Capítulo 10
Olívia dormiu na minha casa na véspera da nossa viagem, então chegamos juntas ao aeroporto, antes de Cristofer. Ele já havia mandado uma mensagem me tranqüilizando dizendo que estava a caminho.
Nosso balcão de check-in era bem de frente para a porta de entrada, e eu falava efusivamente com Olívia quando ele apontou porta a dentro.
Senti meus olhos se arregalando à medida que ele se aproximava. Tanto que Olívia notou meu olhar catatônico e também se virou para olhar.
Cristofer vinha de mãos dadas com Sofia, minha xará, enquanto exibia um olhar que há muito tempo não via.
- Mas o quê... – Olívia sussurrou pouco antes dos dois pararem diante de nós.
- Olá meninas – nos cumprimentou sutilmente. – Esta é Sofia.
O olhar tímido da garota era notável. Ela já me conhecia, e eu a conhecia também. Mesmo que na minha última ida ao seu café ela não estivesse lá, eu havia memorizado seus olhos verdes brilhantes de outras idas.
- Olá, querida – Olívia respondeu com um sorriso genuíno.
- Oi, Sofia – eu disse sorrindo também. Meu sorriso carregado de agradecimento por ela estar fazendo tão bem ao meu amigo.
- Divirtam-se – ela desejou apertando as mãos dele, eu pude ver.
- Não que vir junto? – ofereci. Cristofer devia ter me dito que as coisas já estavam nesse pé. Eu não me importaria de tê-la conosco.
- Ah, não. Infelizmente não posso. Mas sei que vocês precisam disso – me sorriu calorosamente.
Eu gosto dessa menina.
- Obrigada – disse puxando Olívia comigo para que os dois pudessem se despedir apropriadamente.

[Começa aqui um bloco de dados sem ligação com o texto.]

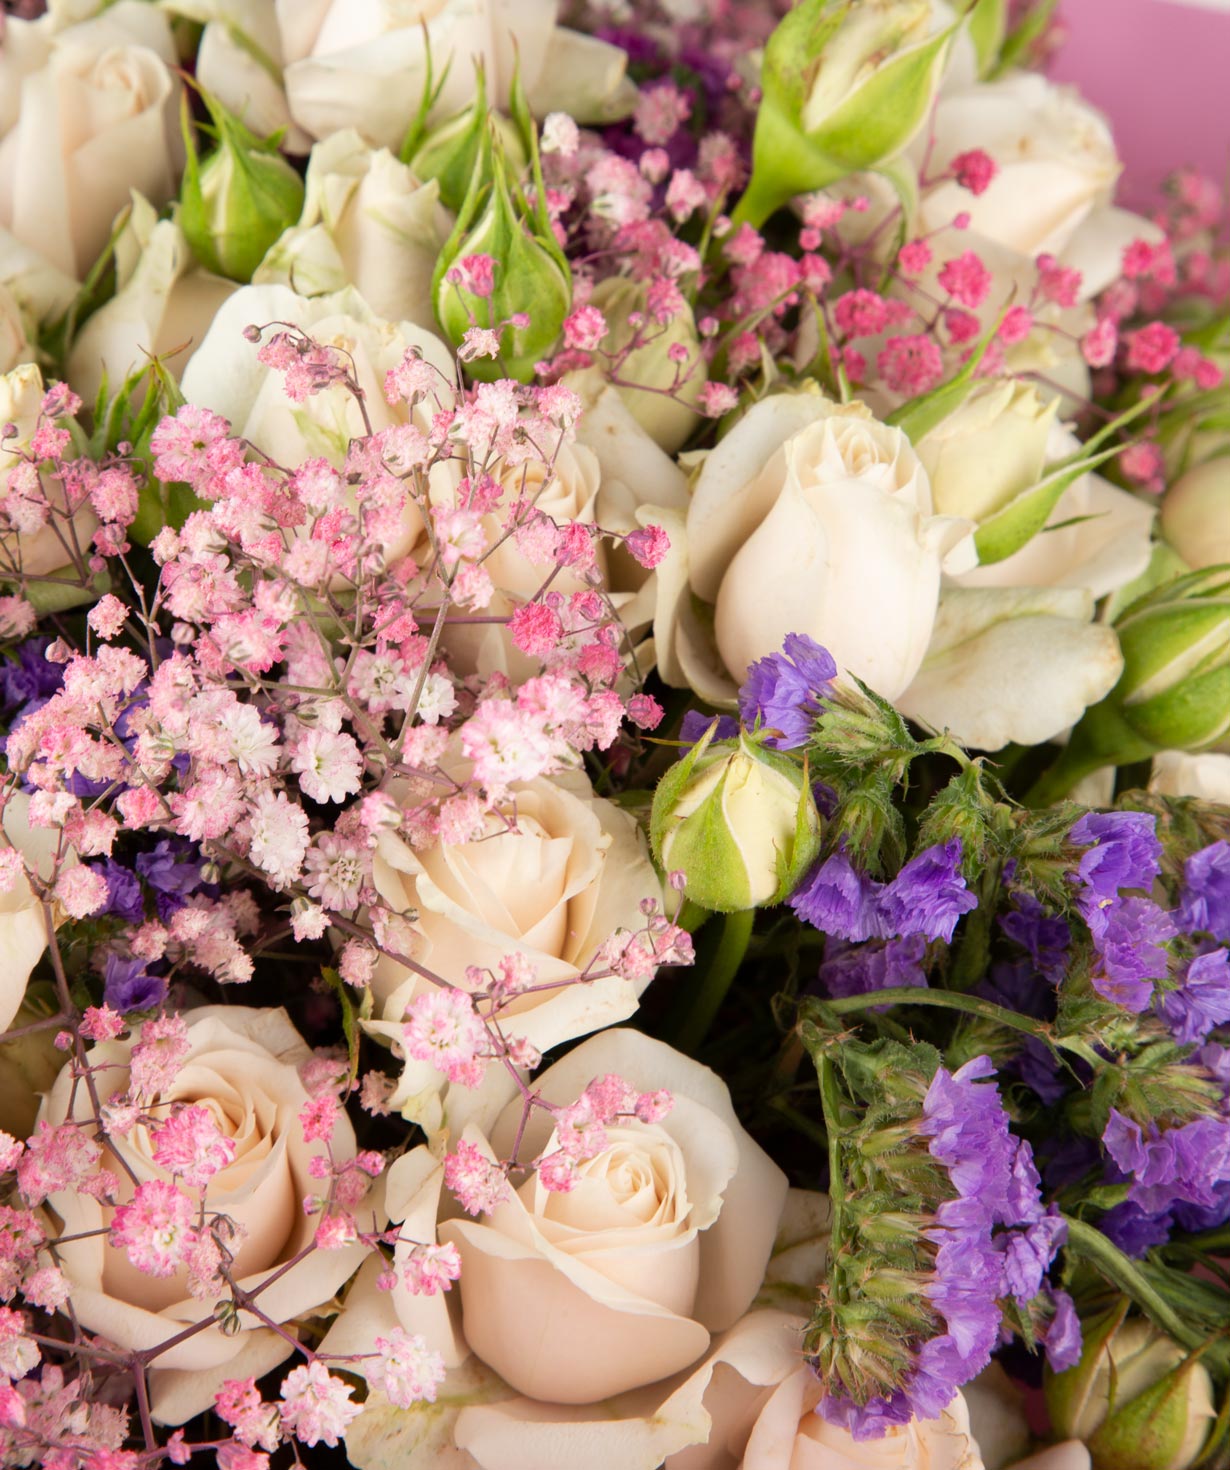 Ծաղկեփունջ «Զվեդրու»  վարդերով, լիմոնիումներով, գիպսոֆլայով

- O que foi isso? – Olívia se apressou em perguntar.
Puxei minha amiga mais para perto de mim antes de falar. Eu também estava surpresa.
- Eu sabia que ele estava gostando de alguém, mas não que fosse chegar a isso. Eles estavam de mãos dadas!
- Eu vi!
E então ele se juntou a nós duas.
- Hmmmmmm – nós duas repetimos ao mesmo tempo, como aquelas crianças que descobrem que colegas da escola estão namorando.

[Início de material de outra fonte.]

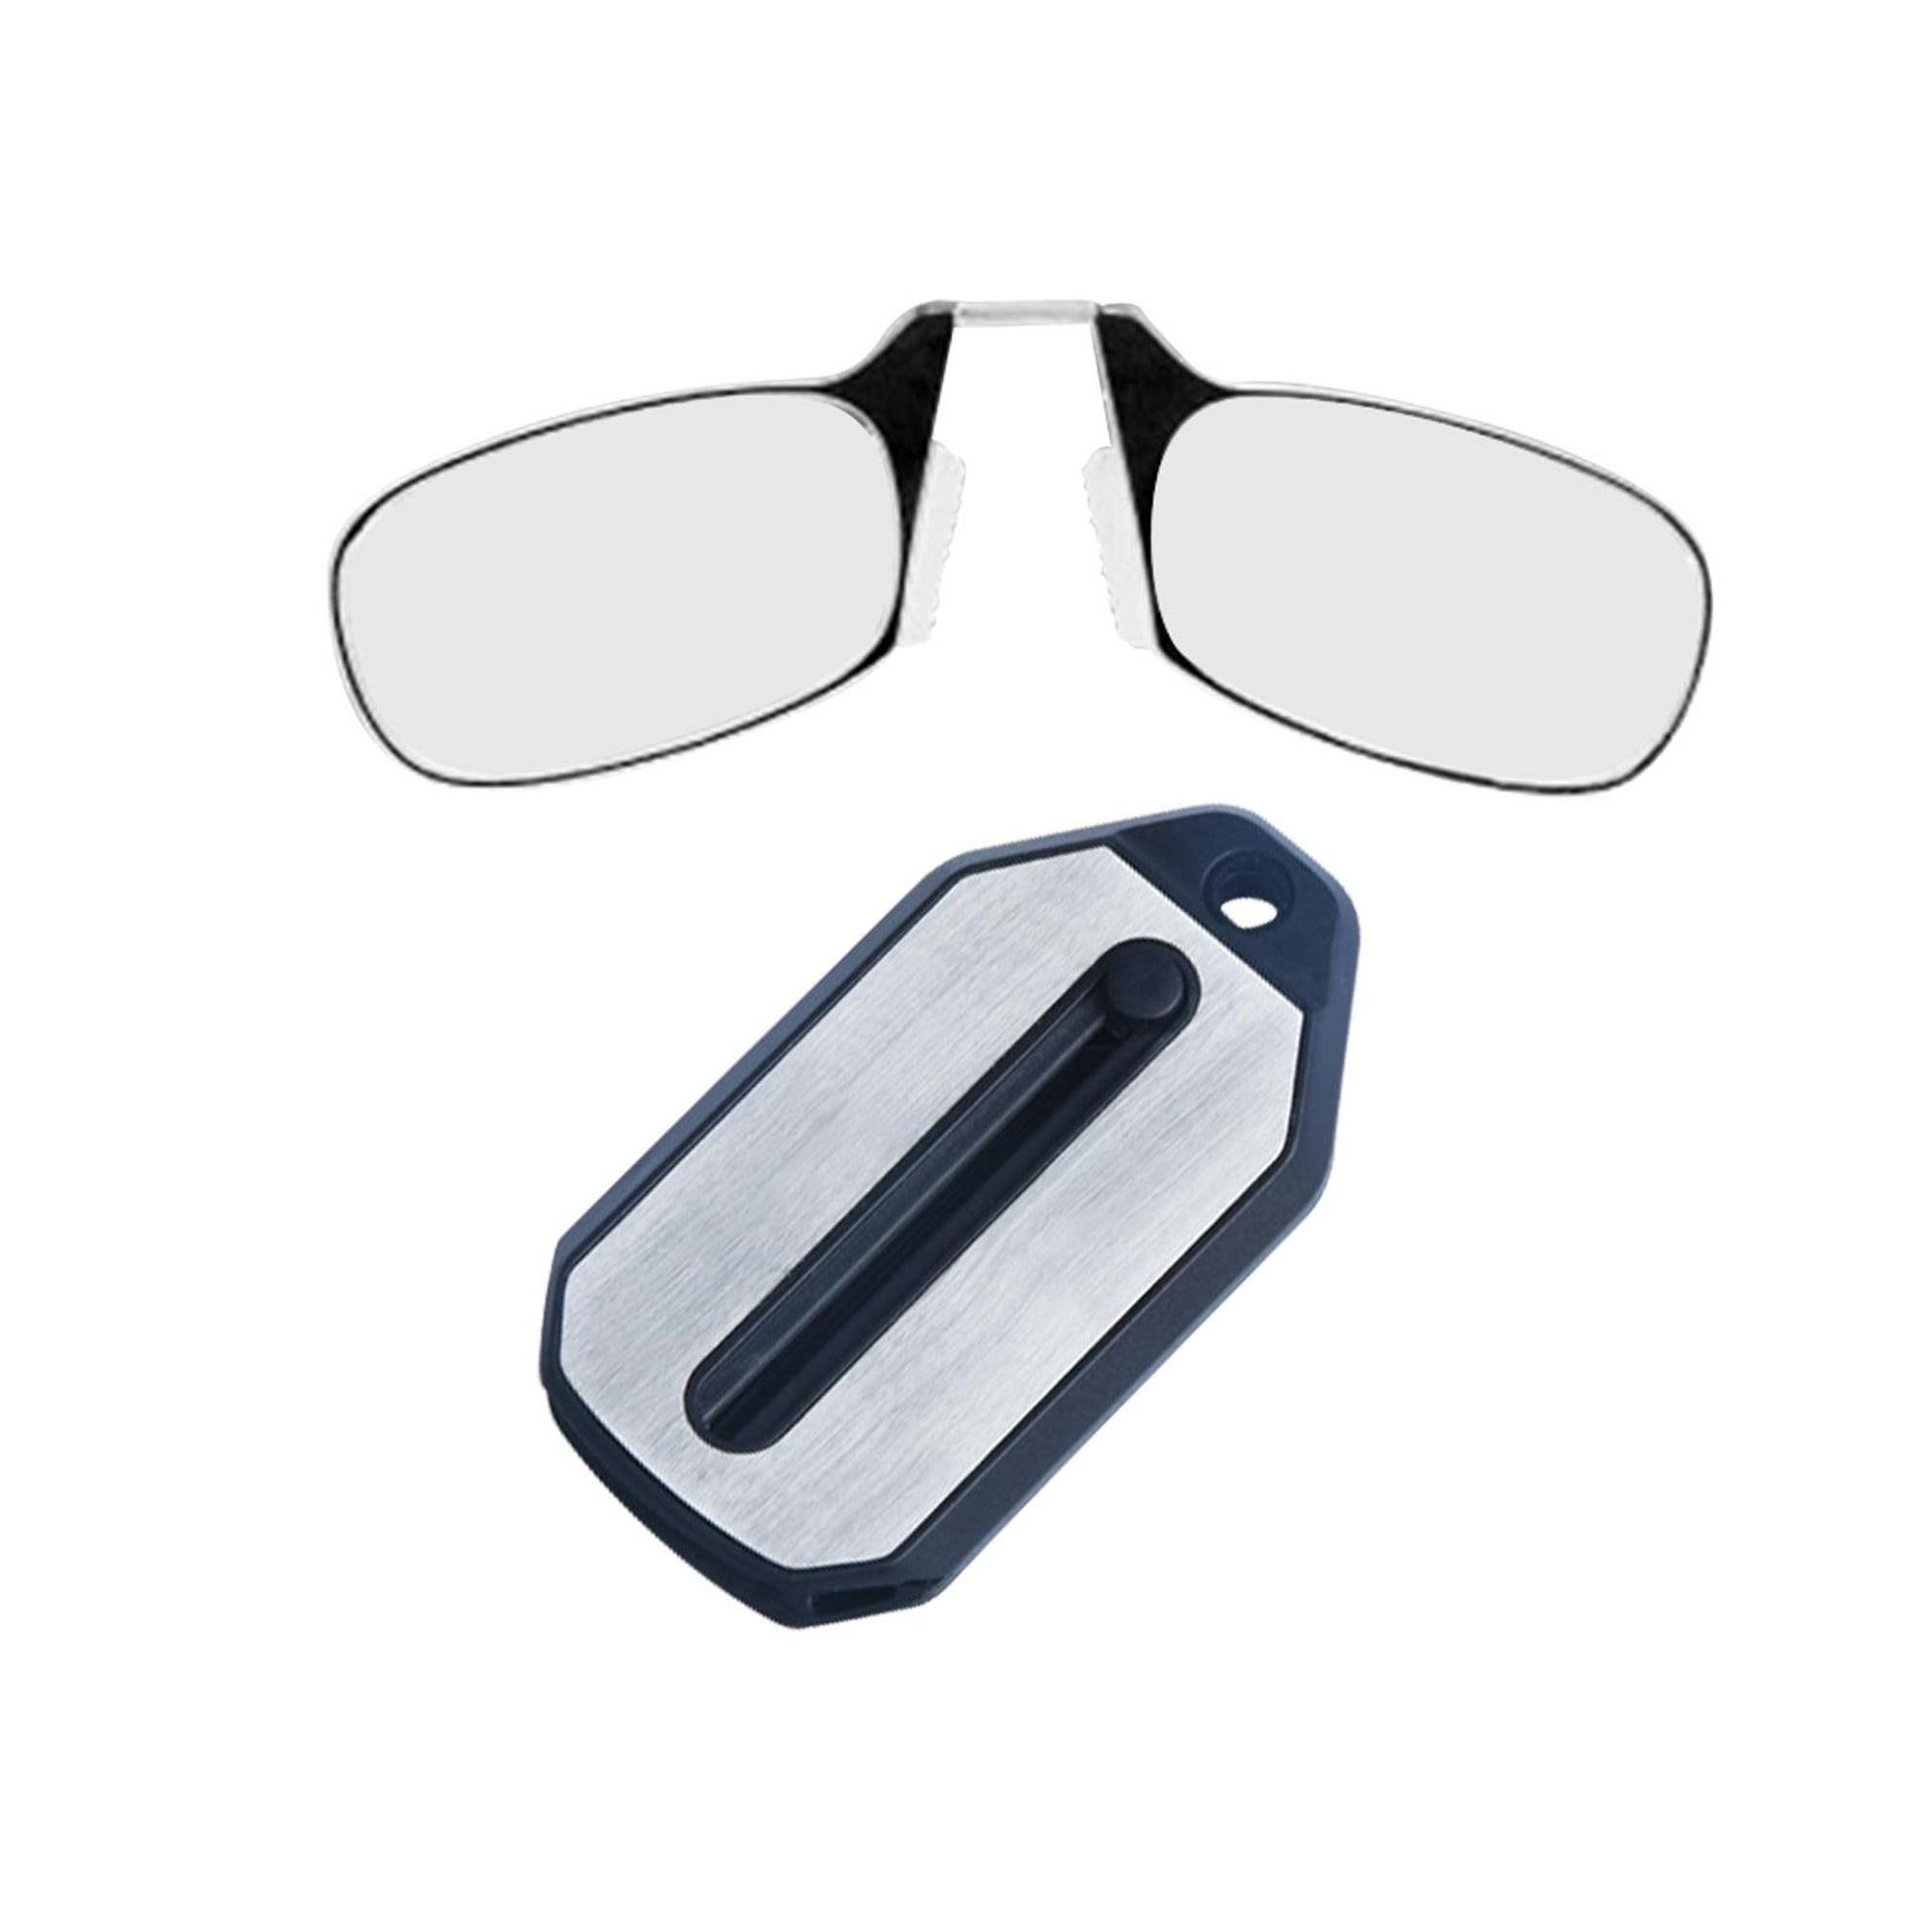  Mini llavero suave limpiador de lentes, gafas de microfibra  limpiador de toallitas! : Salud y Hogar

- Quando é que vocês vão crescer?
- Espero que nunca – Olívia disse rindo.
- Não imaginei que era tão sério, mas estou feliz demais, Cristofer – falei com um pouco de água nos olhos.
- Eu também estou – meu amigo confessou e pude ver satisfação plena no fundo de seus olhos.
O avião não era muito grande. Duas fileiras de cadeiras eram separadas por um corredor apertado. Por sorte, eram de três lugares, então sentamos juntos. Corri para a janela como se estivesse em uma disputa com meus irmãos.
- Eu não vou ficar no meio de vocês duas de jeito nenhum! – Cristofer se irritou.
- Eu fico no meio – Olívia deu uma trégua.
Não demoraria muito para chegarmos. Era realmente perto, em três horas estaríamos lá. Falar que o show era em outro país podia assustar, mas era mais perto que algumas cidades nacionais.
Cristofer logo pegou no sono enquanto eu e Olívia conversávamos sobre um paciente. Então, ficamos em silêncio por uma fração de segundo quando ela puxou o ar e quis saber.
- E Gabriel?
- O que tem ele? – olhei para o céu lá fora.
- Já contou para ele?
- Não...
- E vai?
- Não sei – fechei os olhos procurando por uma resposta.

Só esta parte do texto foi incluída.